As shown in FIG. 16, test materials which do not contain carbide-forming elements (V, Mo, W, Nb) exhibit a large number of cycles to fracture (n). As the content increases, the number of cycles to fracture decreases, but at below 0.2%, a number of cycles to fracture that fully enables the material to be furnished for practical use is exhibited. From this example, it was also demonstrated that, in the present embodiment, even when one or two or more carbide-forming element (V, Mo, W, Nb) is included in a combined amount of less than 0.2%, austenitic heat-resistant cast steel having excellent thermal fatigue characteristics can be obtained.

While some embodiments of the invention have been illustrated above, it is to be understood that the invention is not limited to details of the illustrated embodiments, but may be embodied with various changes, modifications or improvements, which may occur to those skilled in the art, without departing from the scope of the invention.

Claims

The invention claimed is:

1. An austenitic heat-resistant cast steel including iron as a base material, comprising, based on a total of 100 mass %:

0.4 to 0.8 mass % of carbon;

3.0 mass % or less of silicon;

0.5 to 2.0 mass % of manganese;

0.05 mass % or less of phosphorus;

0.03 to 0.2 mass % of sulfur;

18 to 23 mass % of chromium;

3.0 to 8.0 mass % of nickel;

0.05 to 0.4 mass % of nitrogen; and

less than 0.2 mass % of the total of a combination of vanadium, molybdenum, tungsten and niobium;

with the balance being iron and inevitable impurities;

wherein a ratio of chromium to carbon is 22.5-36.1.

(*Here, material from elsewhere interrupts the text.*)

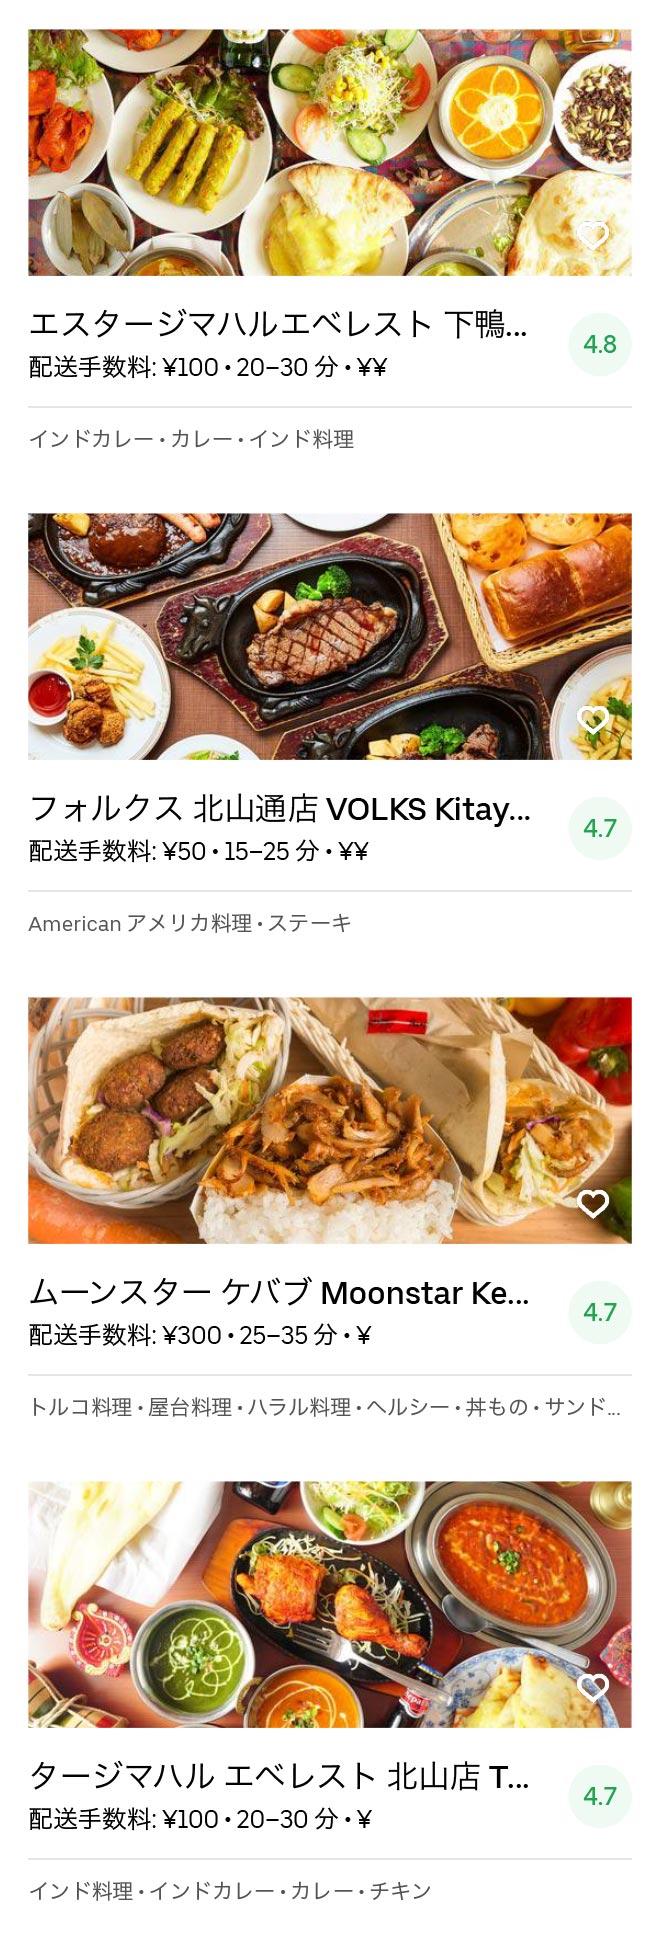 Kyoto kitaoji menu 2005 05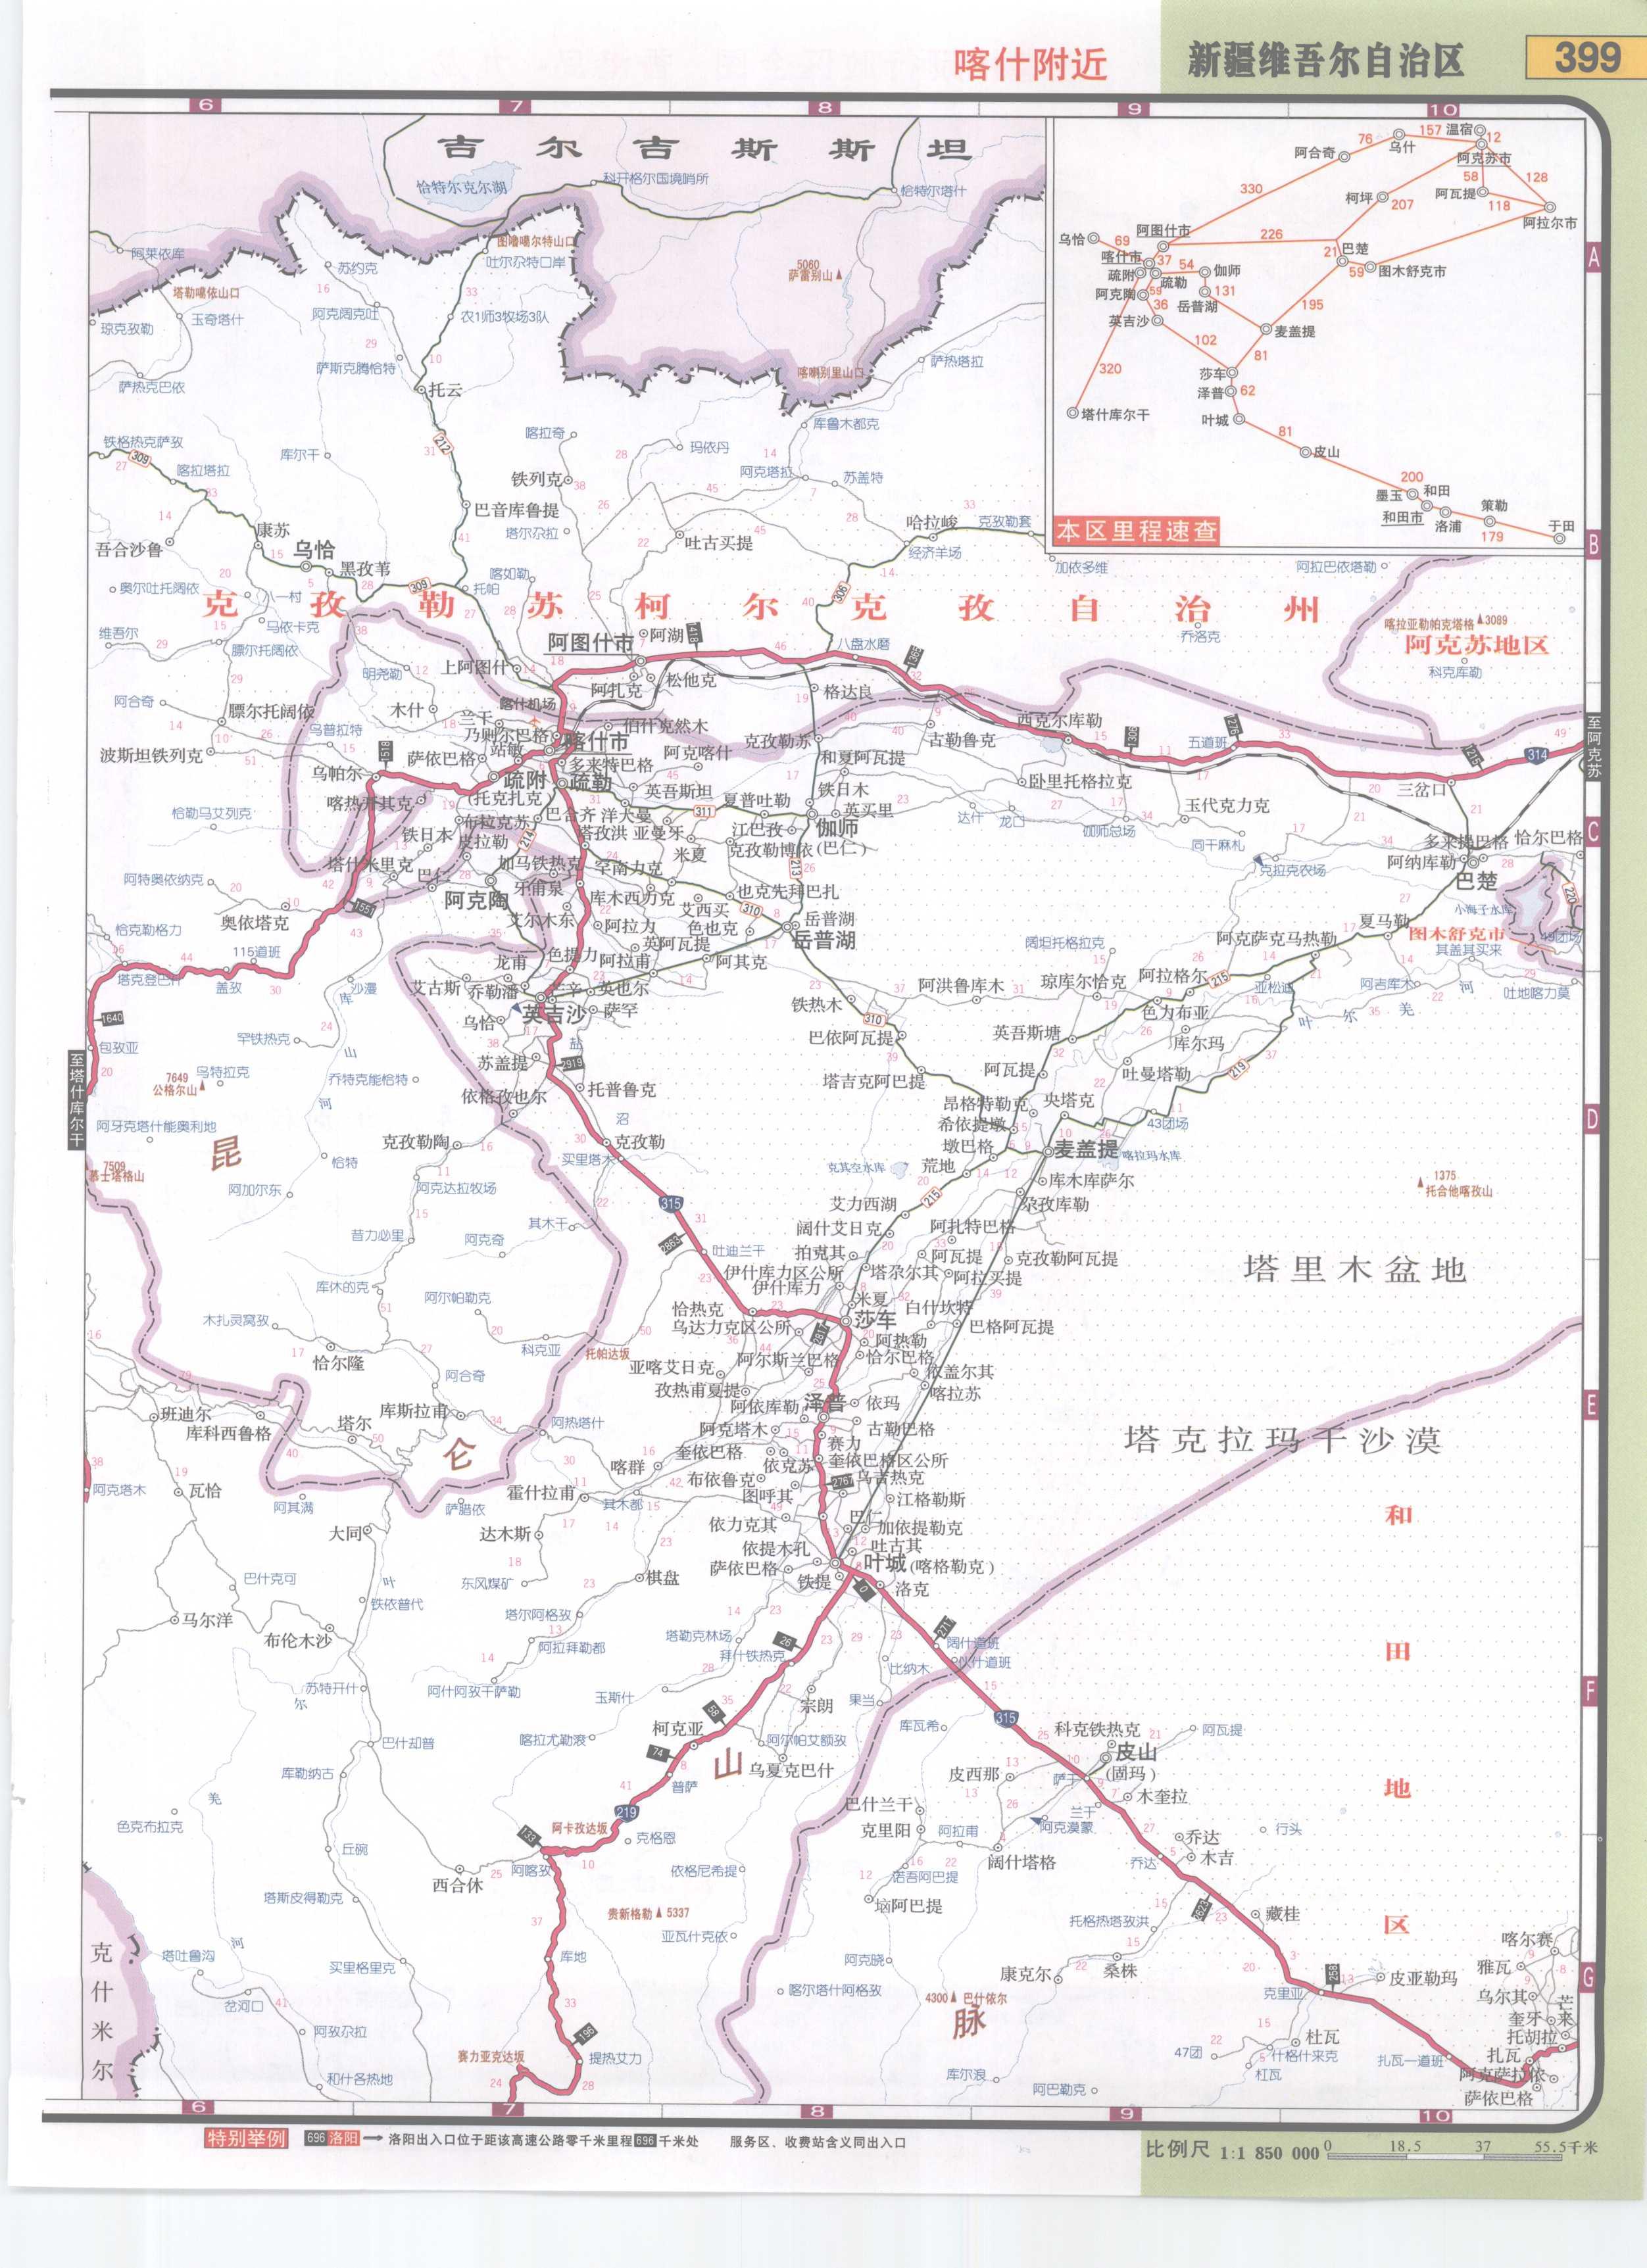 新疆喀什周边高速公路网

2. The austenitic heat-resistant cast steel according to claim 1, wherein the combination of vanadium, molybdenum, tungsten and niobium is less than 0.2 mass % of one from among vanadium, molybdenum, tungsten and niobium.

3. The austenitic heat-resistant cast steel according to claim 1, wherein the combination of vanadium, molybdenum, tungsten and niobium is 0.19 mass % or less of one from among vanadium and niobium.

4. The austenitic heat-resistant cast steel according to claim 1, wherein the combination of vanadium, molybdenum, tungsten and niobium is 0.18 mass % or less of one from among molybdenum and tungsten.